Start of Supplied data

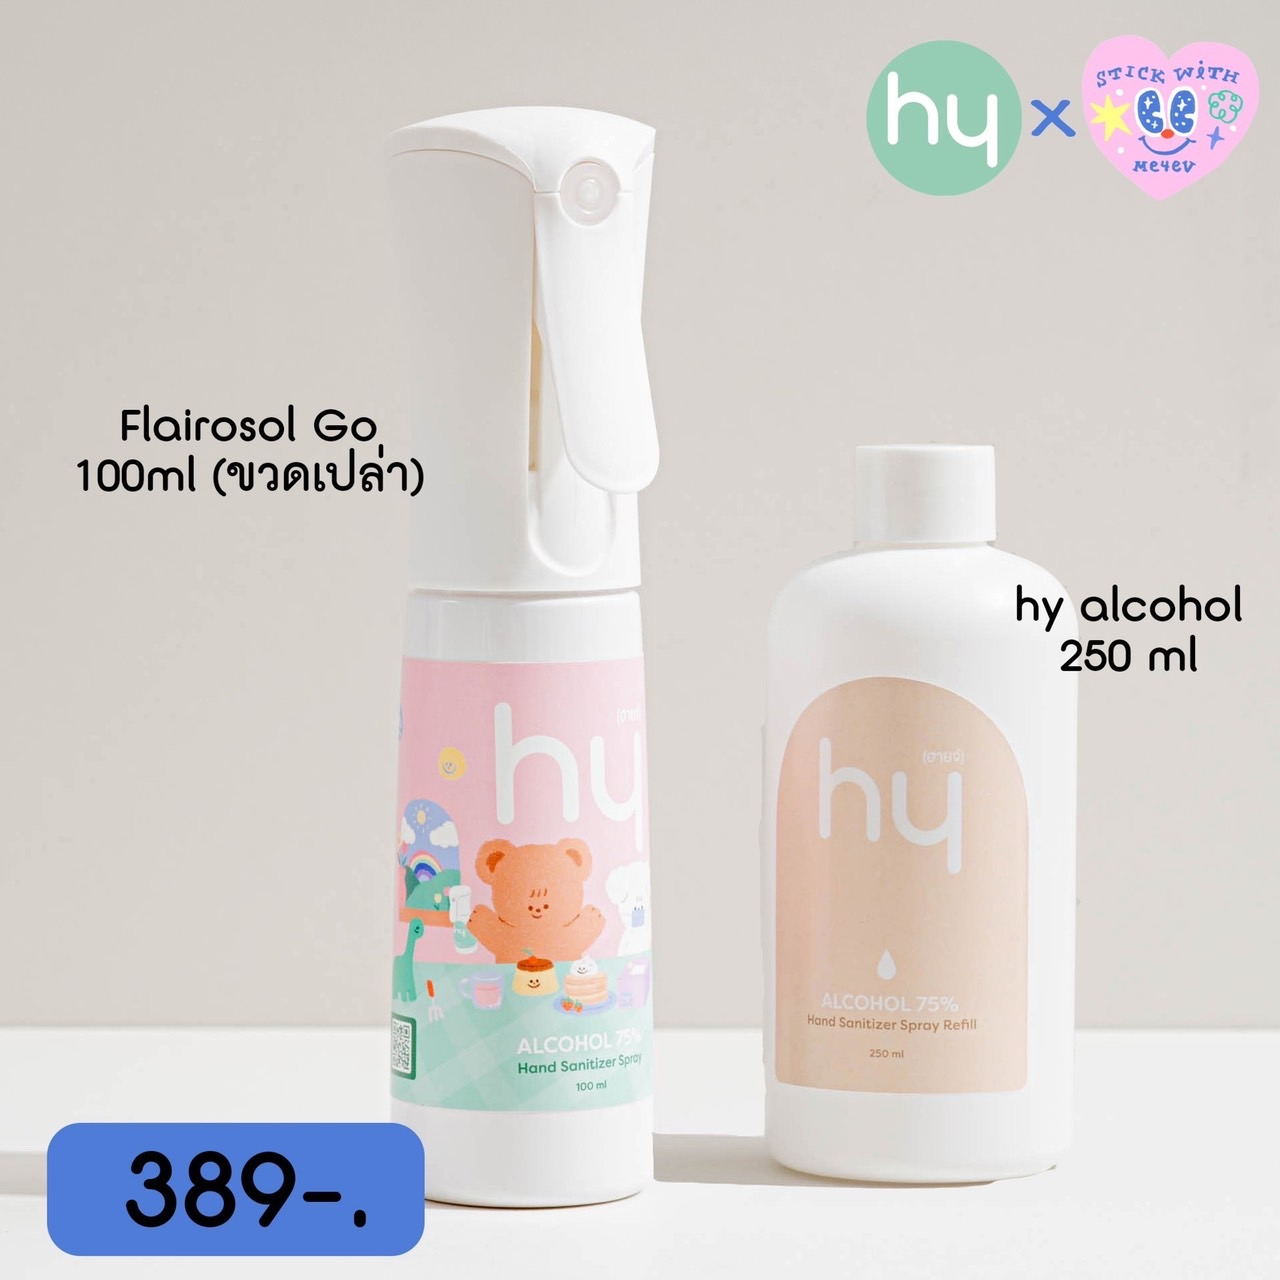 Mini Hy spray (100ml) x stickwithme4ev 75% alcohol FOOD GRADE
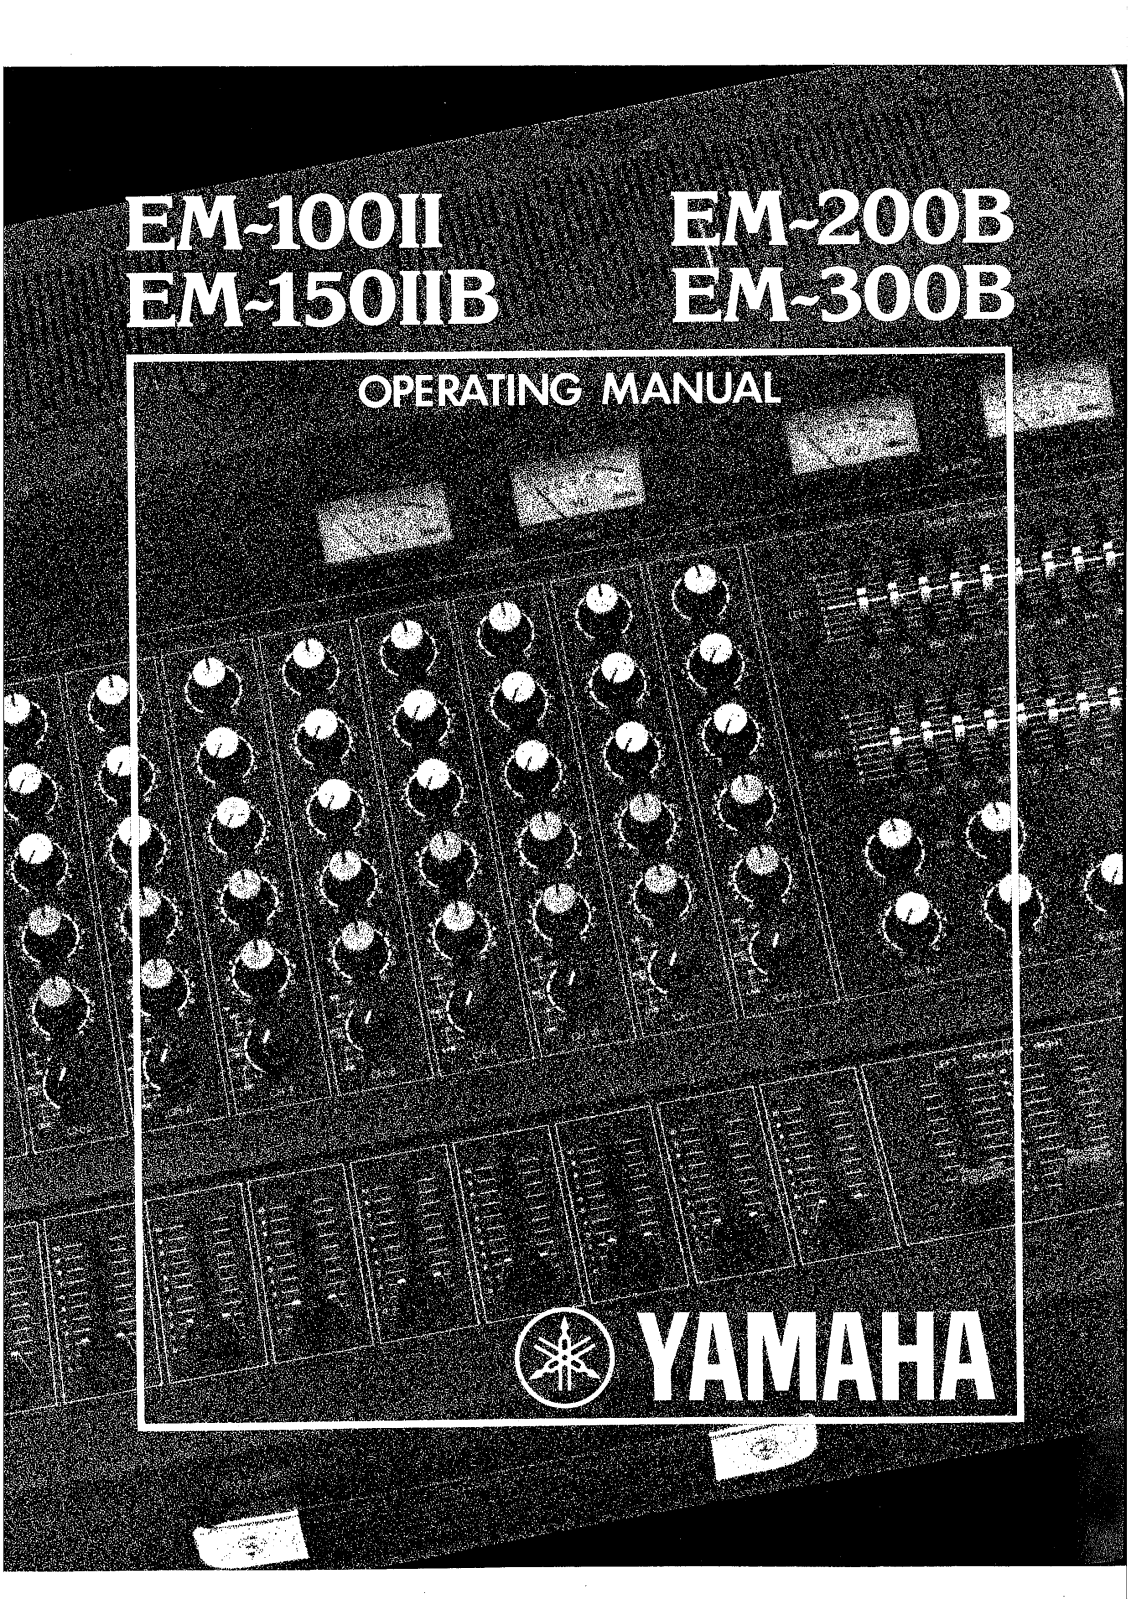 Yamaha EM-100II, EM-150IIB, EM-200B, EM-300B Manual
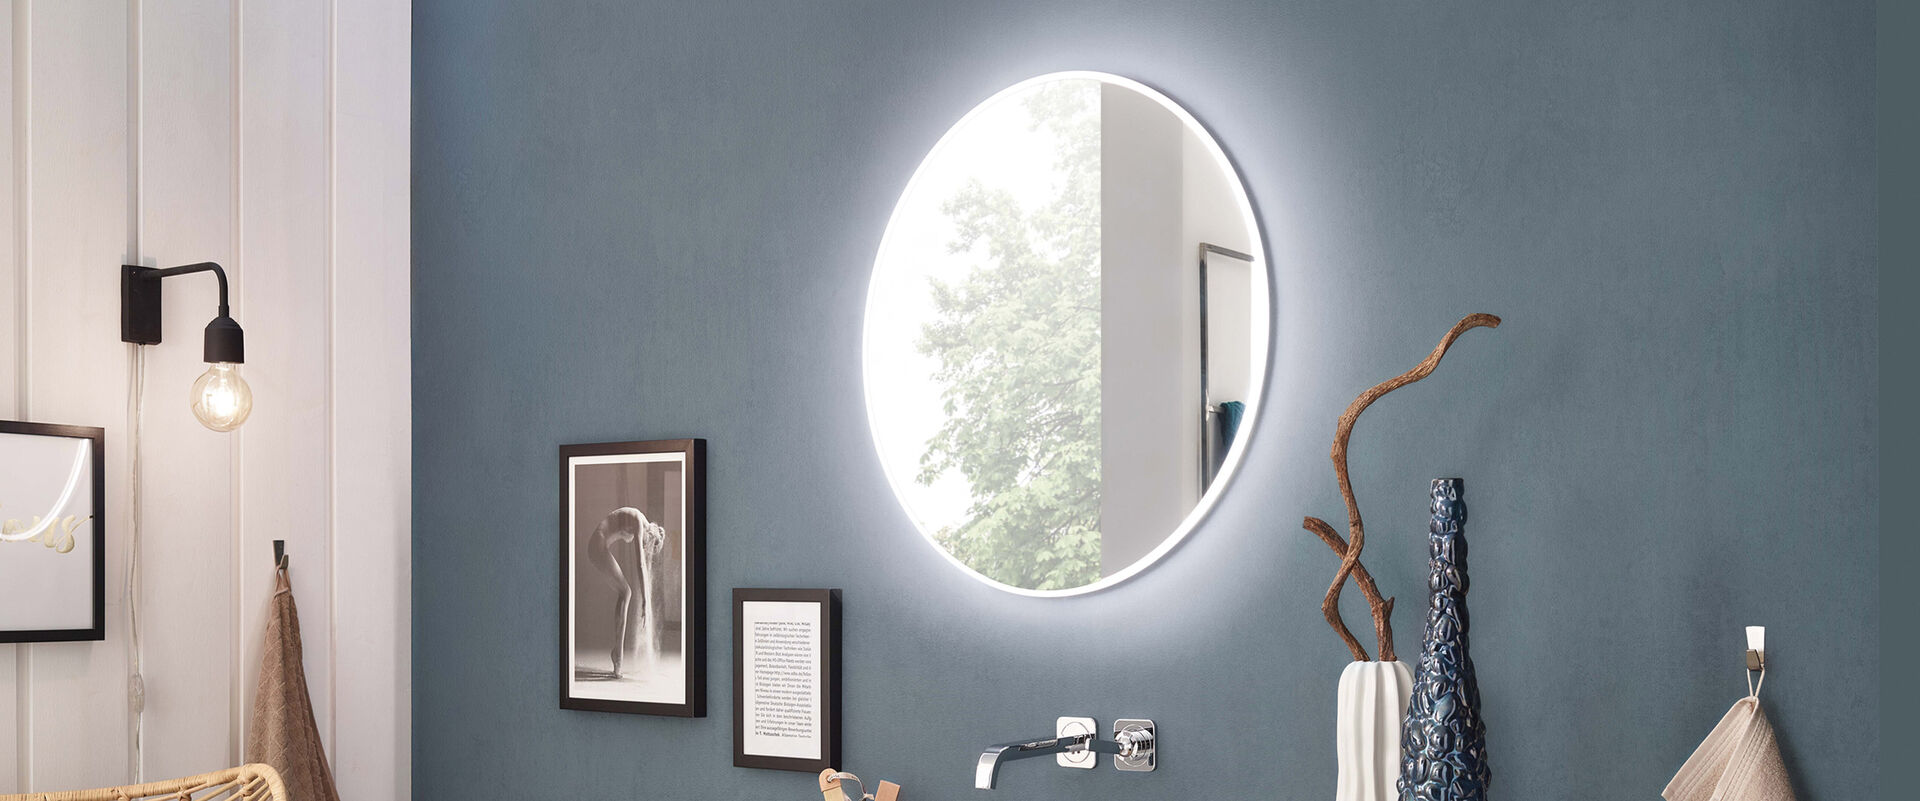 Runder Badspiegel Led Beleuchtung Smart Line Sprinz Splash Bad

End of Supplied data

§ **Exercise**: Every line above should be retyped exactly; the pictures do not belong in the copy.

§ **Reply to the exercise**:
 Mini Hy spray (100ml) x stickwithme4ev 75% alcohol FOOD GRADE
 Yamaha EM-100II, EM-150IIB, EM-200B, EM-300B Manual
 Runder Badspiegel Led Beleuchtung Smart Line Sprinz Splash Bad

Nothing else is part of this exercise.